[TASK OBJECTIVE] Set down exact lines only, from the line with "Platinum Trusted Service" through the last line of the material below, with every picture left out.

[EXERCISE DATA]
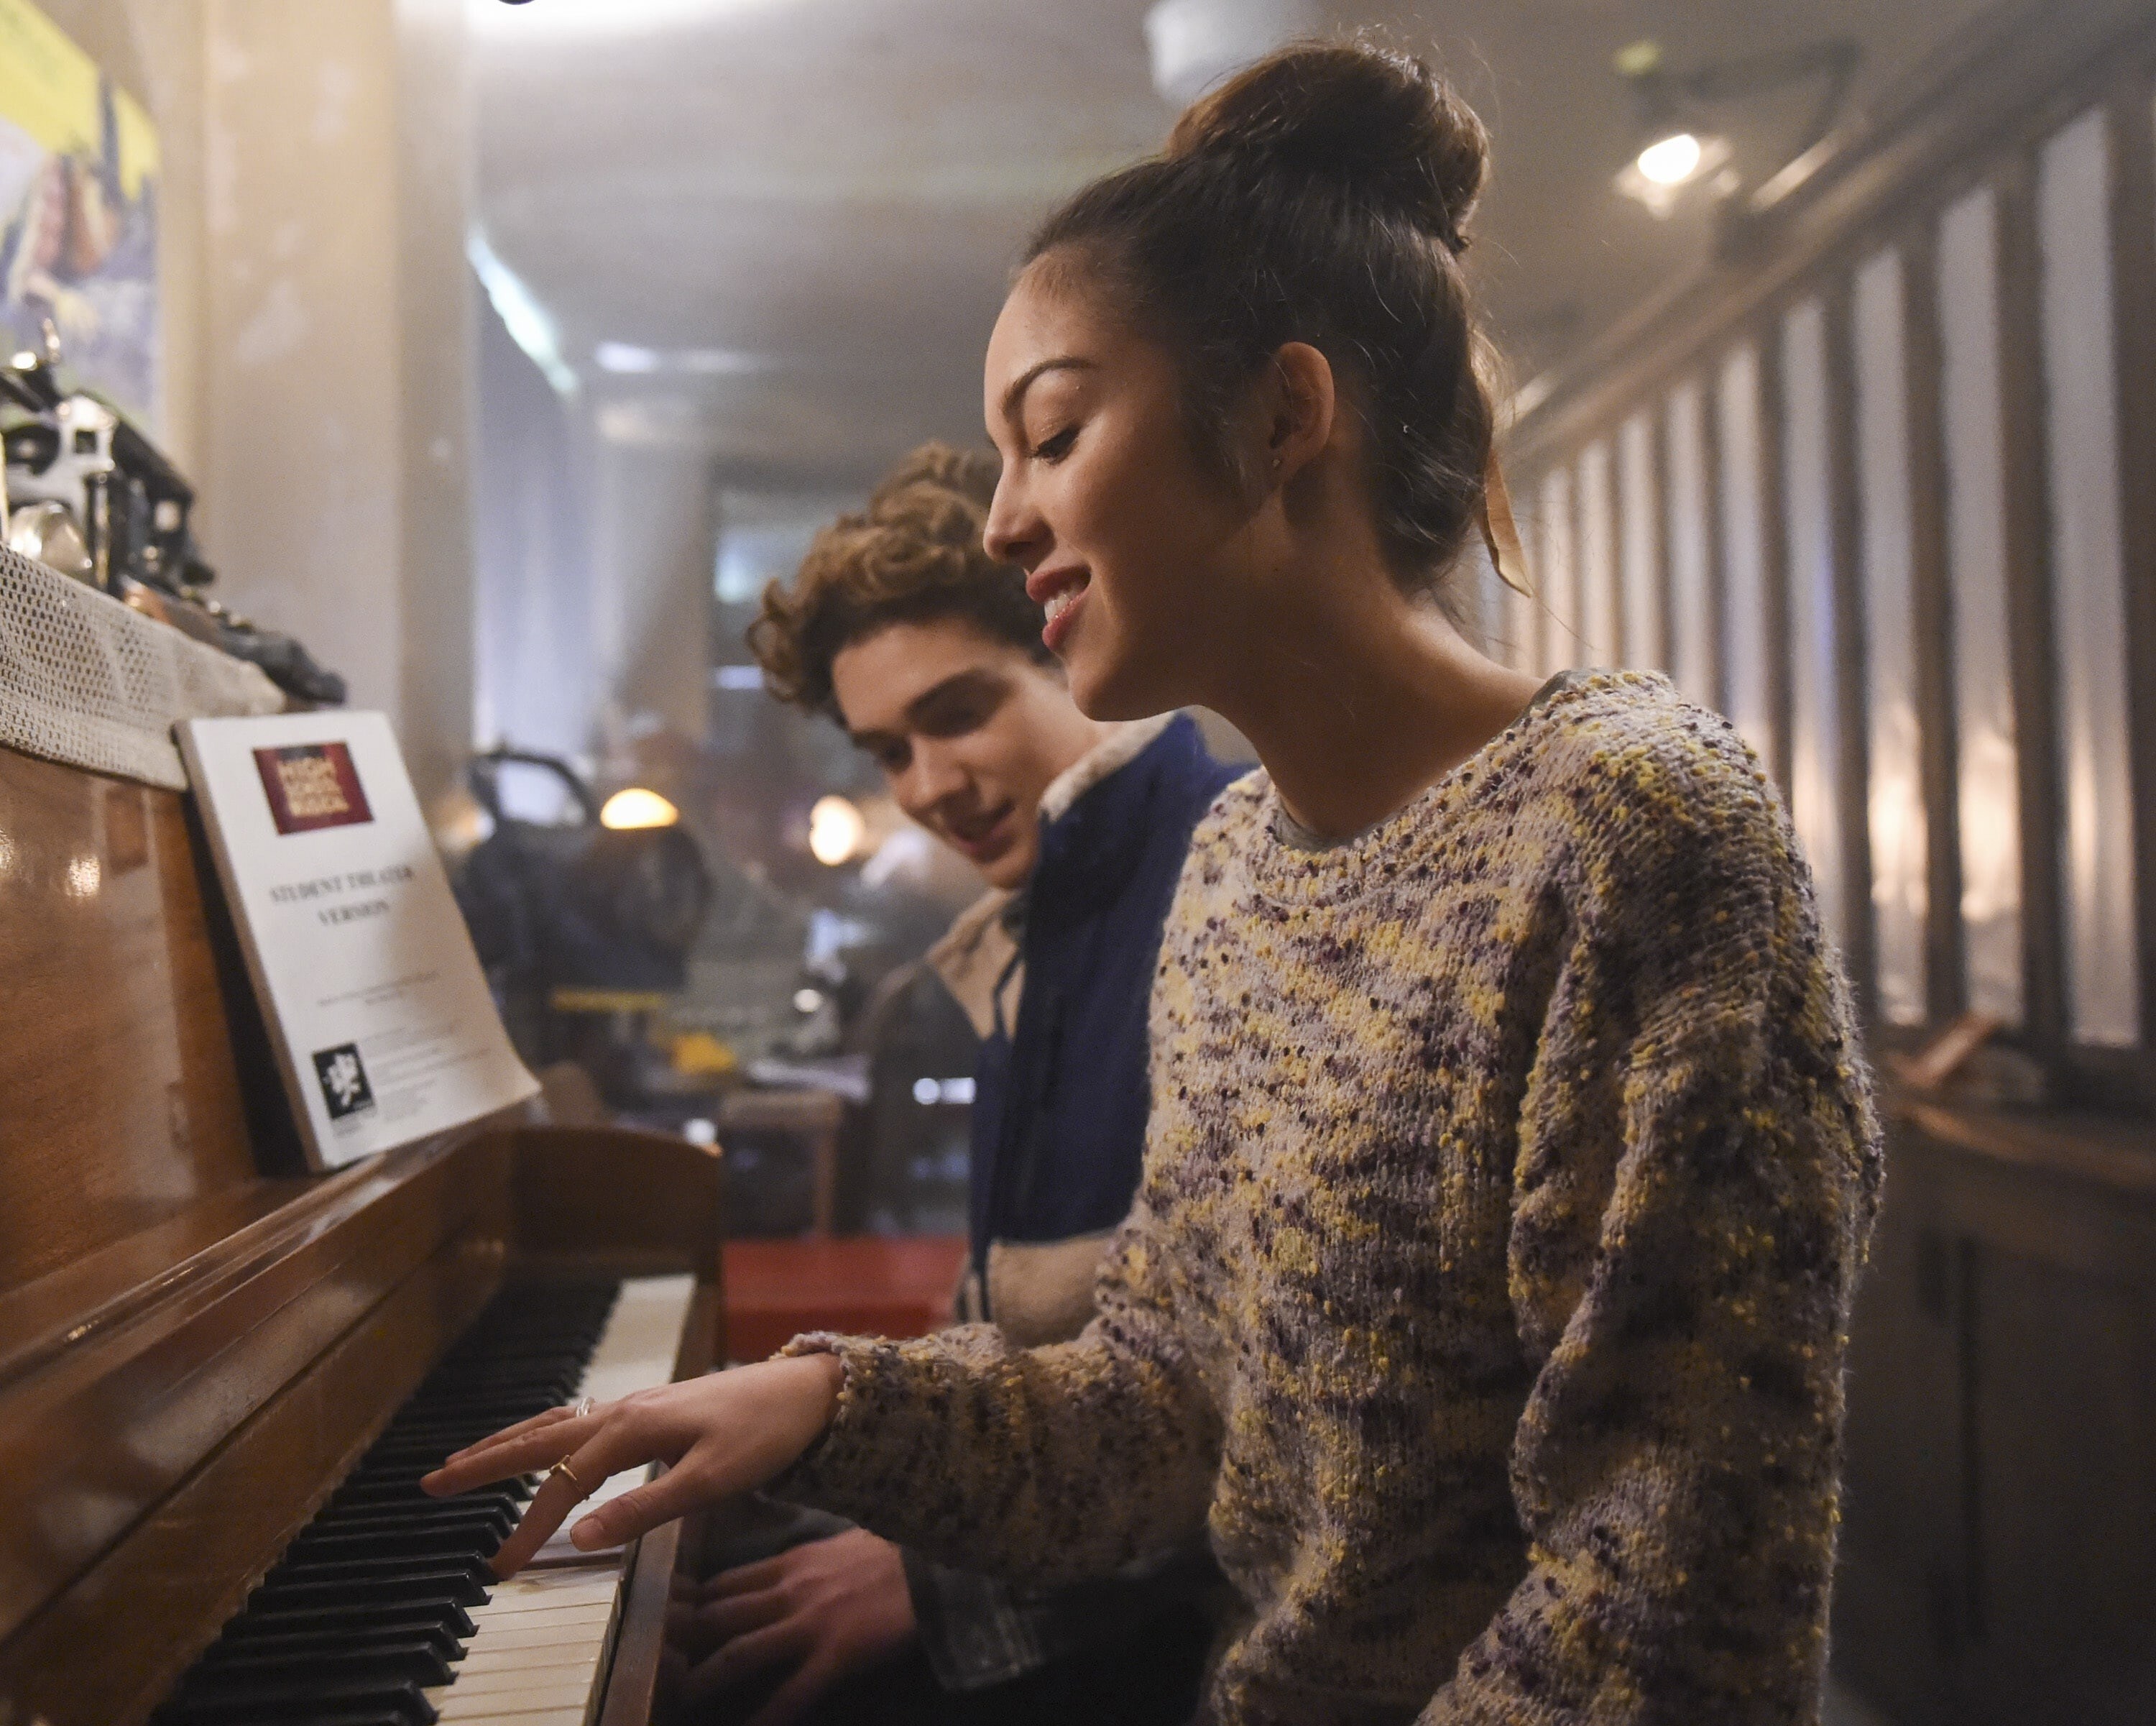 Teen girl in sweater playing the piano
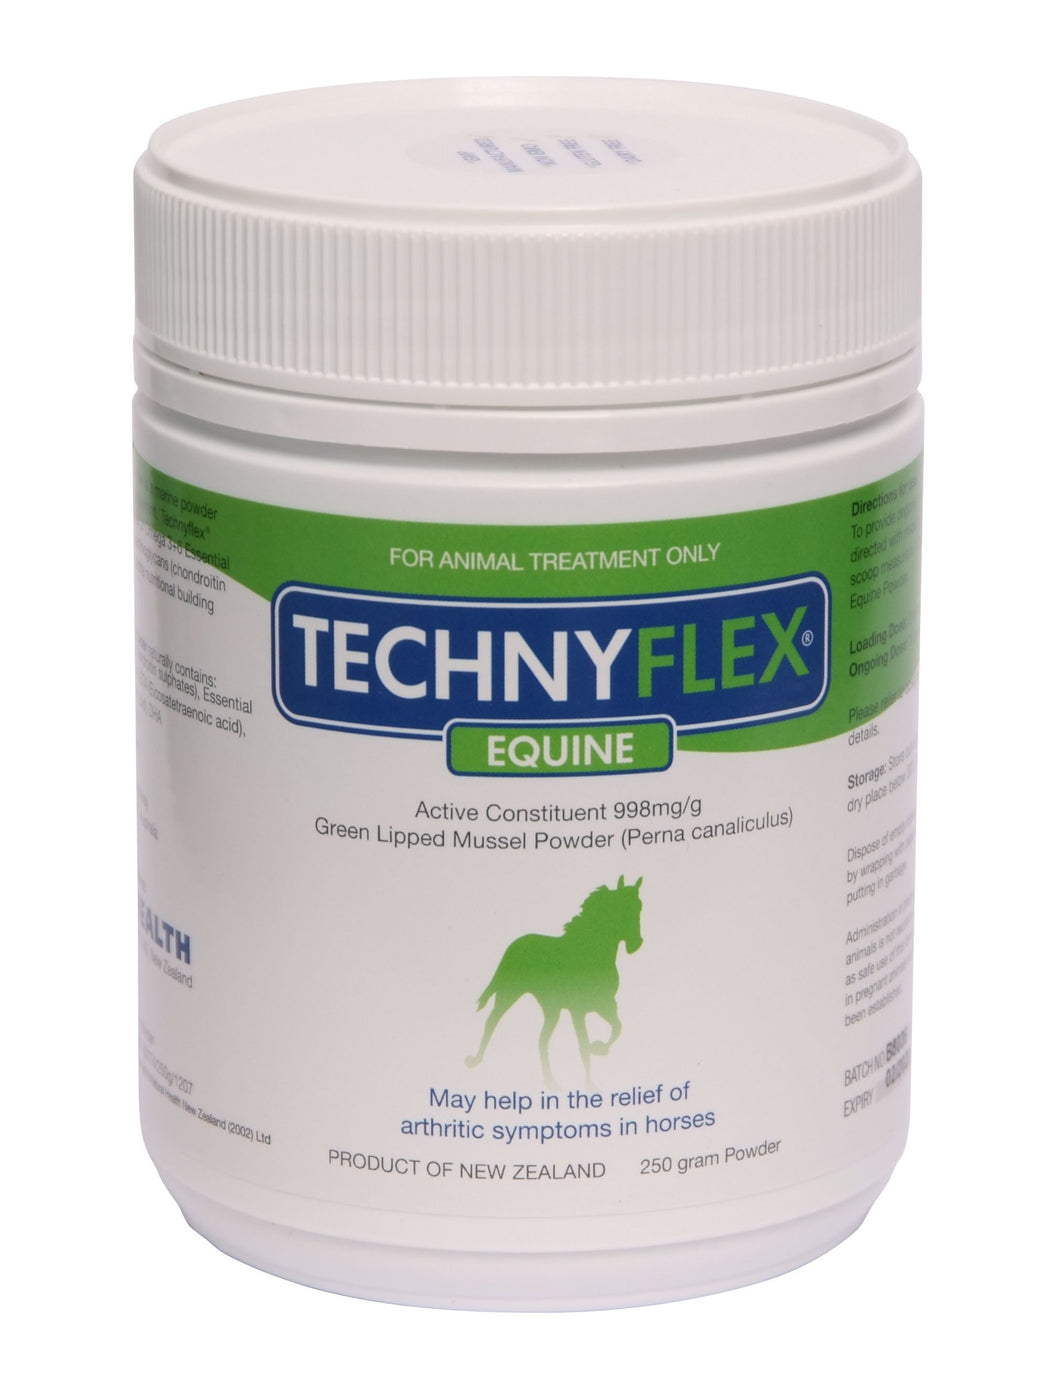 Technyflex® Equine 250g powder
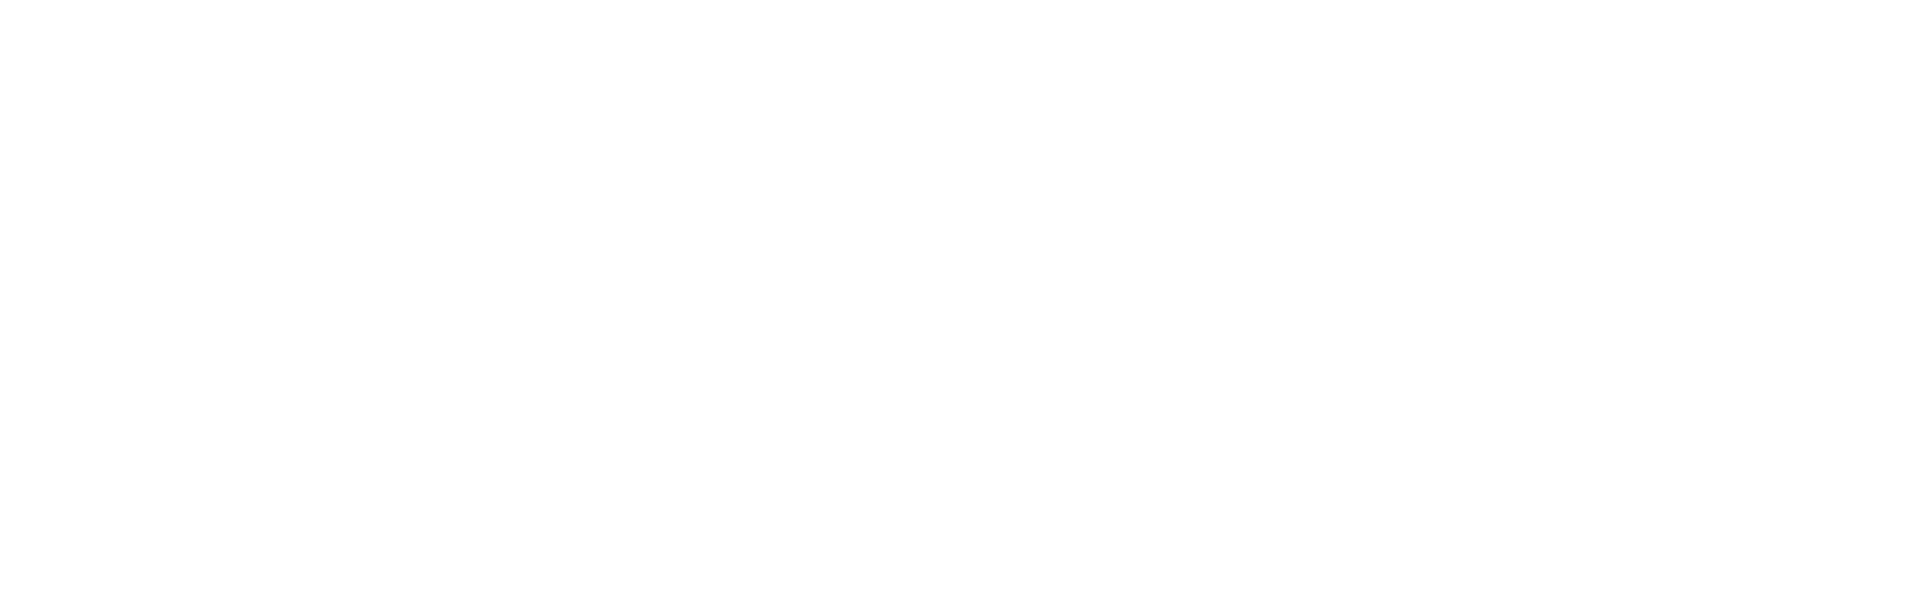 Platinum Trusted Service Award 2023 Whiteout Landscape
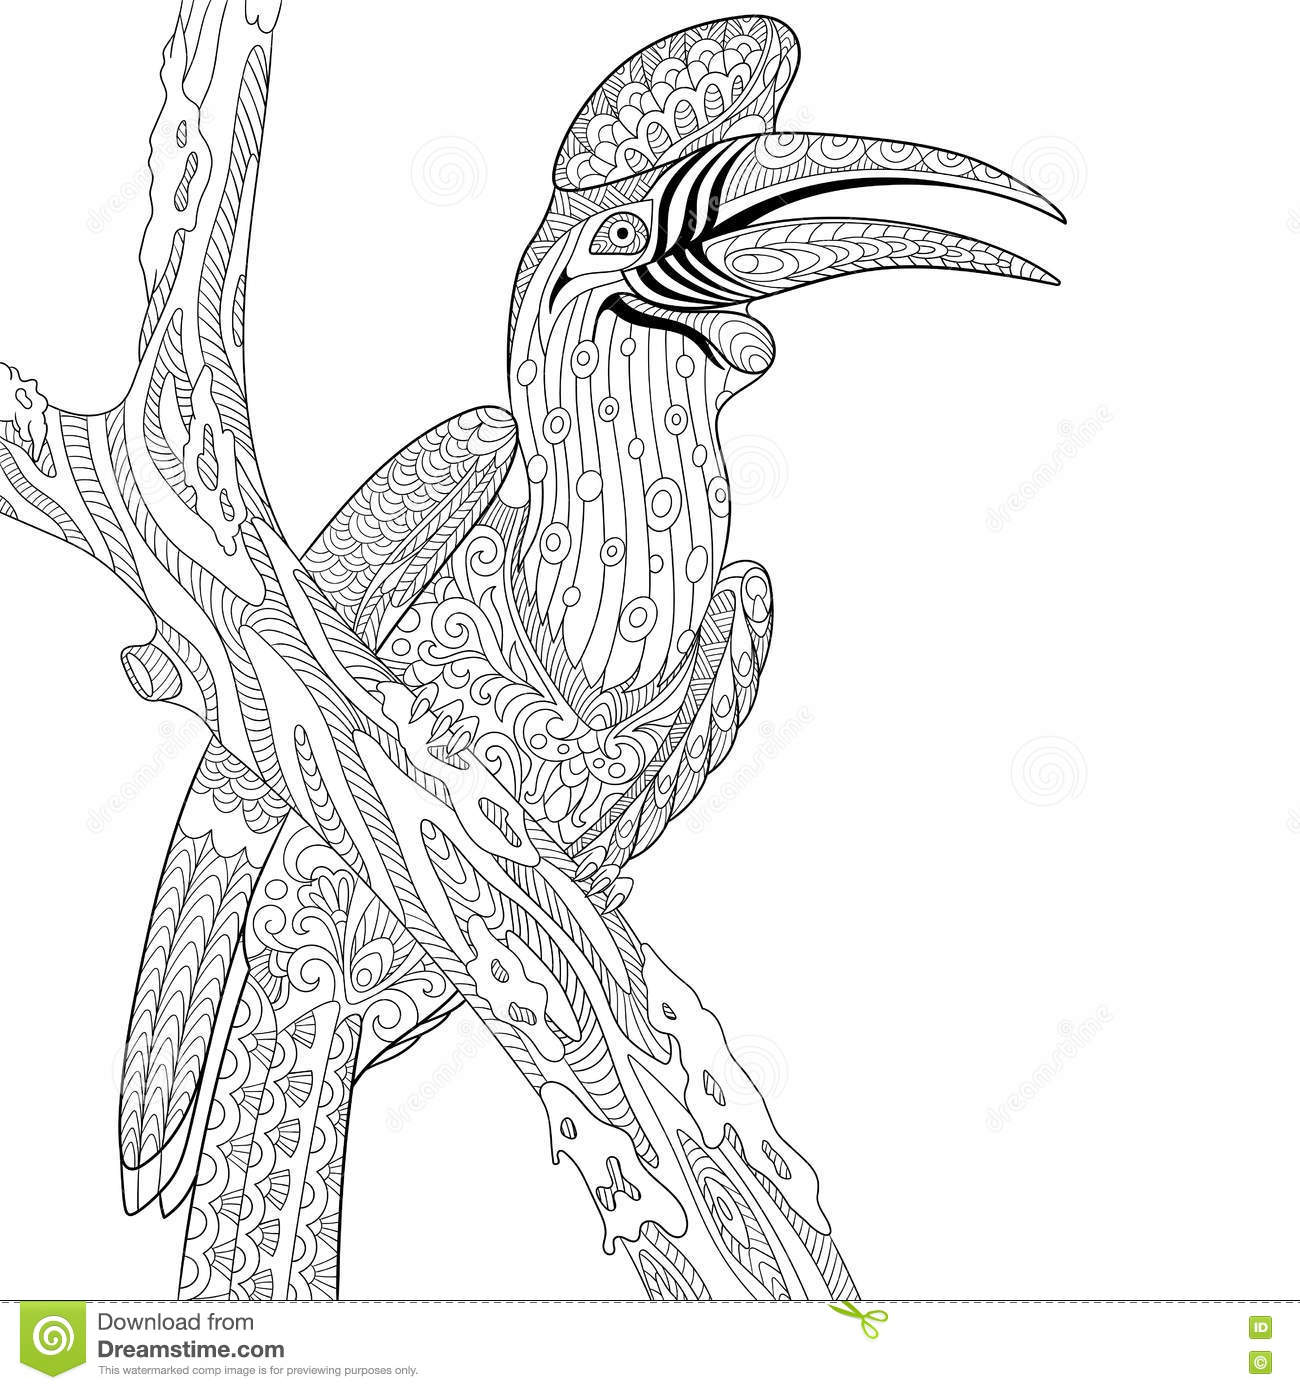 Rhinoceros Hornbill coloring #15, Download drawings

[SOLUTION TO THE EXERCISE]
 Platinum Trusted Service Award 2023 Whiteout Landscape
 Rhinoceros Hornbill coloring #15, Download drawings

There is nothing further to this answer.